Ms Sharmila added: "The accused persons' subsequent return to the hotel was likewise not motivated by remorse or regret, but instead, a conscious and calculated attempt at self-preservation."
'Fine line' between safety and privacy
While the rape at Hotel 81 Cosy has raised questions about hotel security, those in the industry say it can be difficult to prevent such incidents, especially if they occur behind closed doors.
But they told The New Paper that they do take precautions to prevent trouble.
The general manager of Dragon Court Hotel in Chinatown, who wanted to be known only as Mr Lee, said it has a policy of turning away intoxicated customers.
"When someone is drunk, you don't know what they are going to do. Some throw up in the rooms, which can make it difficult for our cleaning staff. Worse, some may even get violent and break things," he said.
He recounted an incident during the recent Christmas holidays when three men entered his hotel carrying a drunk woman.
"My staff said 'no' to them immediately. When you see a group like that, who knows what they're going to do.
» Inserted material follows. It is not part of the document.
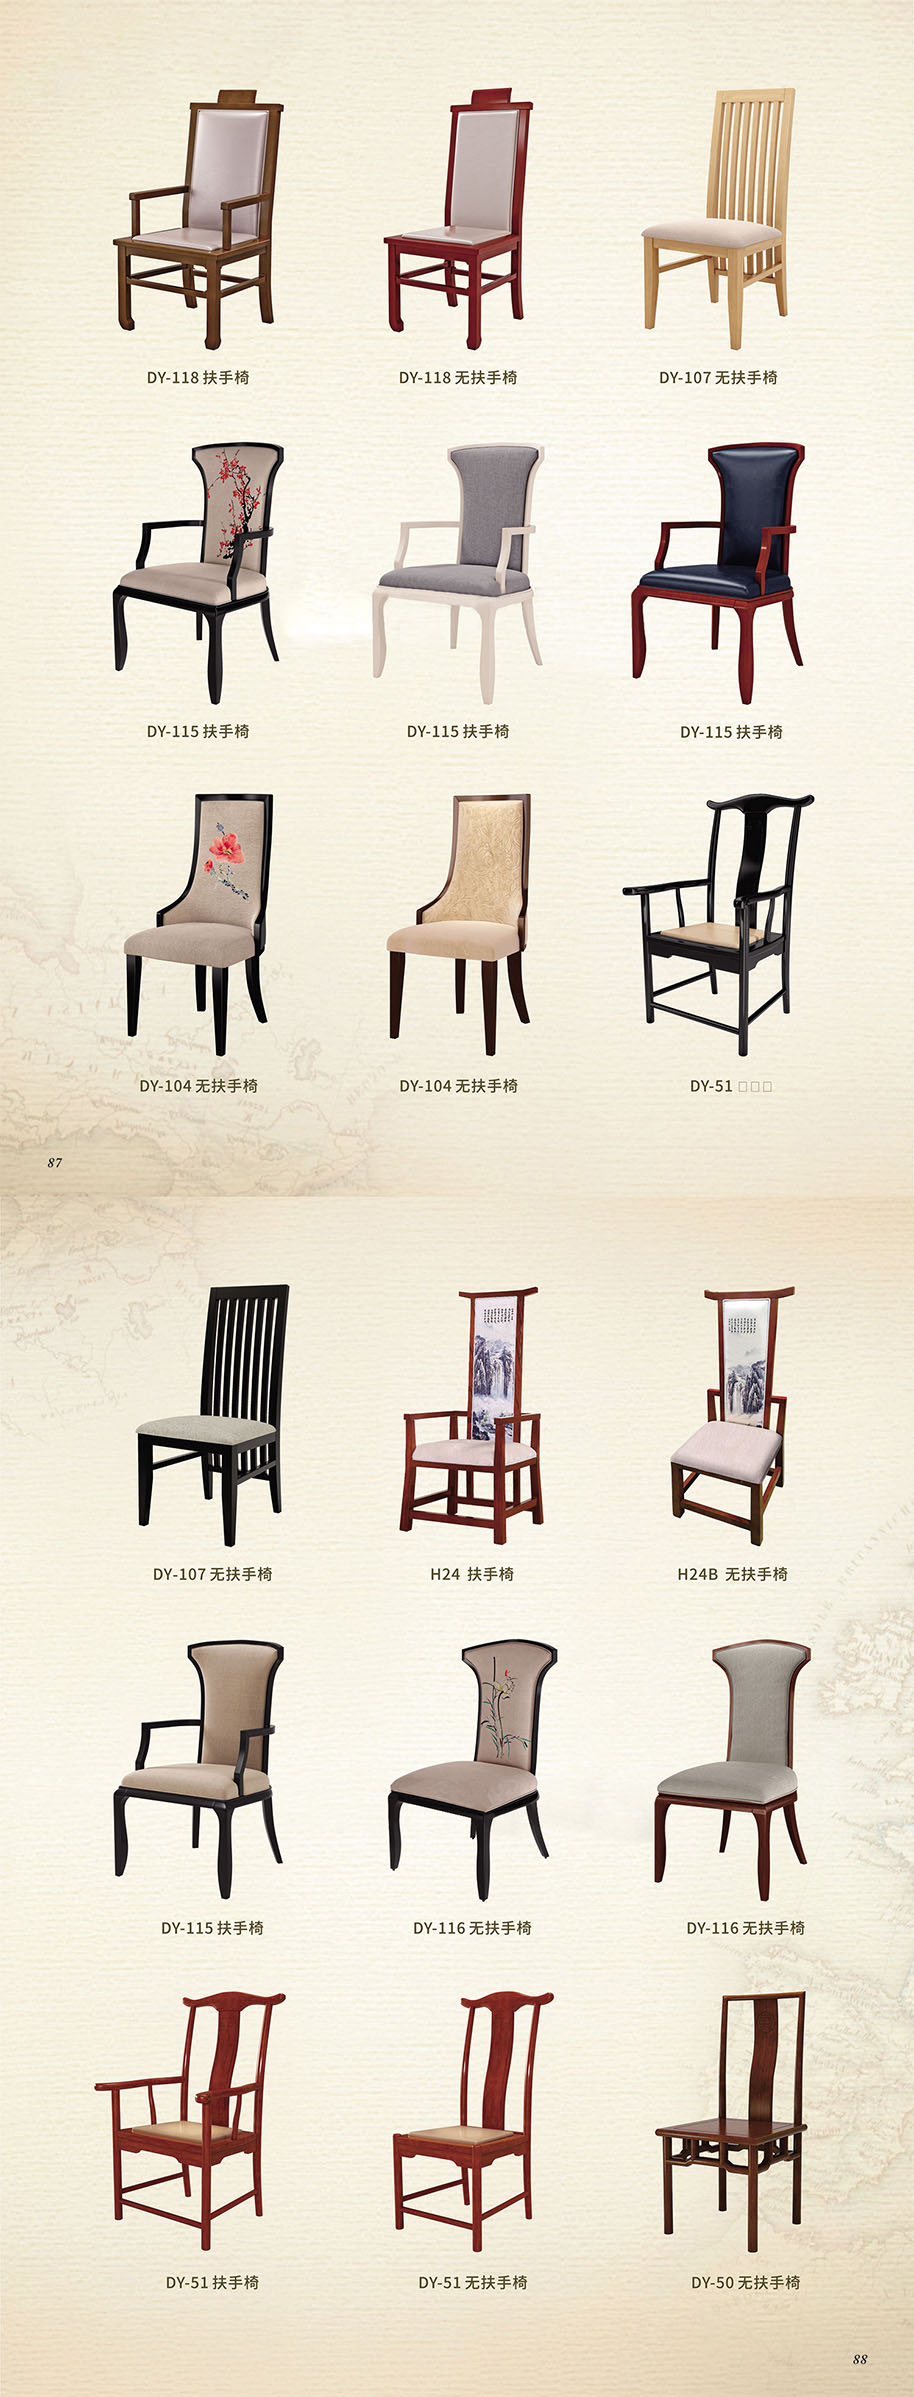 中式餐厅实木餐椅

So we try to prevent these as much as possible," said Mr Lee, who has more than a decade's experience in hospitality.
KNOCK ON DOORS
When guests have noisy rows in the room, hotel staff would knock on the door to ensure everything is all right.
"Most of them are couples who are having a tiff, so we tell them to keep the volume down and not affect the other guests," he said.
But when quarrels or fights get out of hand, security is called in to ask the guests to leave.
In the two years that he has run the hotel, there have been no major incidents that required police intervention, Mr Lee said.
A manager for a budget hotel chain said it has an unwritten rule on turning away groups that raise alarm bells.
"For instance, if there are two or three guys and a girl, we'd usually tell them no," said the manager, who cannot be named because he is not authorised to speak to the media.
"This is to prevent incidents like (the Hotel 81 Cosy rape) from happening."
But the manager admitted that it can be tricky when a couple check in, and that it is nearly impossible to prevent crime, especially if it happens behind a closed hotel room door.
"If we go knocking on someone's door every time we hear loud noises, we may be invading their privacy," he said.
"It's a fine line that we tread, ensuring safety while giving our guests the space they need. So we can only take precautions like turning away suspicious characters and making sure we have ample security."